Blueberry Pancakes with Whipped Cream
Picture this: a lazy Sunday morning, golden sunlight streaming in through your kitchen window, and the tantalizing aroma of Blueberry Pancakes with Whipped Cream wafting through the air. It’s the perfect breakfast to start your day on a delightful note.
- 1 cup all-purpose flour
- 2 tablespoons sugar
- 1 teaspoon baking powder
- 1/2 teaspoon baking soda
- 1/4 teaspoon salt
- 1 cup fresh blueberries
- 1 cup buttermilk
- 1 large egg
- 2 tablespoons melted butter
- 1 teaspoon vanilla extract
- Whipped cream for topping
- In a large bowl, whisk together the flour, sugar, baking powder, baking soda, and salt.
- In another bowl, combine the buttermilk, egg, melted butter, and vanilla extract.
- Pour the wet ingredients into the dry ingredients and stir until just combined.
- Gently fold in the fresh blueberries.
- Heat a griddle or non-stick skillet over medium heat and grease with butter or cooking spray.
- Pour 1/4 cup portions of batter onto the griddle and cook until bubbles form on the surface.
- Flip the pancakes and cook until golden brown on both sides.
- Serve hot, topped with a generous dollop of whipped cream.
Prep Time: 10 minutes
Yield: 4 servings
These Blueberry Pancakes with Whipped Cream are a fluffy, fruity, and indulgent breakfast treat. The combination of sweet blueberries and airy whipped cream creates a delightful contrast of flavors and textures.

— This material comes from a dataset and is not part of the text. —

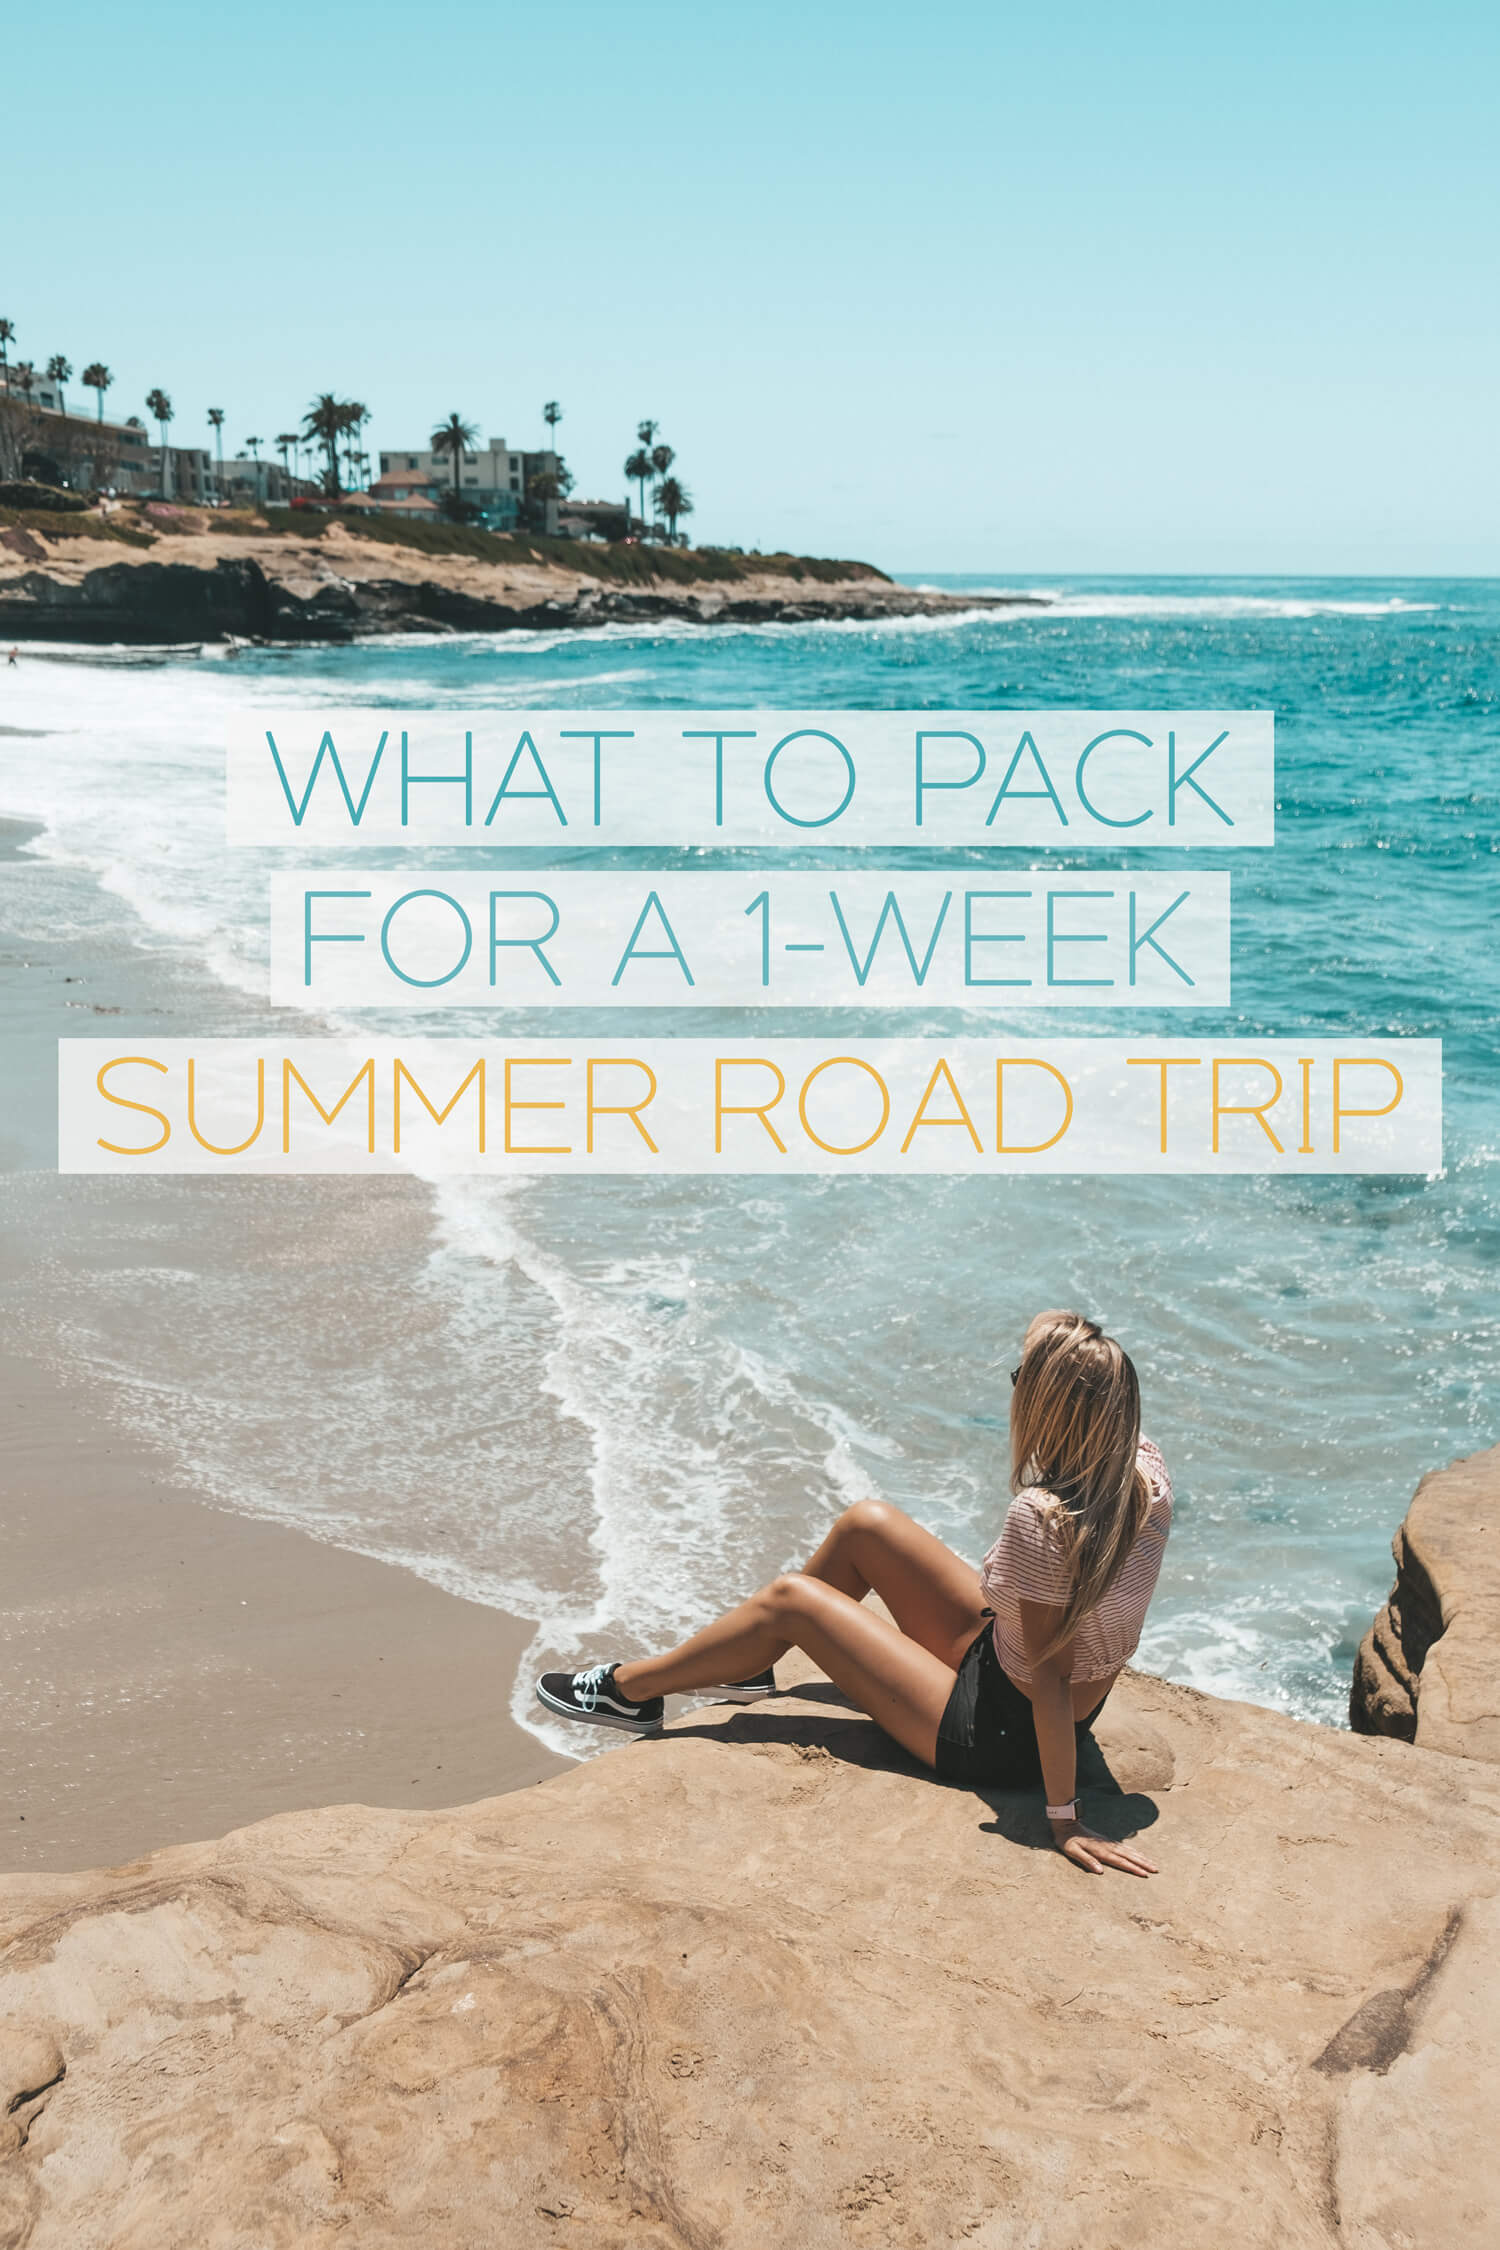 What to Pack for a Summer Road Trip

Nutritional Information (per serving): Calories: 280, Fat: 8g, Carbohydrates: 47g, Protein: 6g, Fiber: 2g
Imagine digging into a stack of these pancakes, where the soft, fluffy interior gives way to bursts of juicy blueberries, and each bite is crowned with velvety whipped cream. It’s a breakfast experience that will leave you craving for more. Whether it’s a special occasion or just a lazy weekend morning, these Blueberry Pancakes with Whipped Cream are the ultimate breakfast indulgence that your taste buds deserve.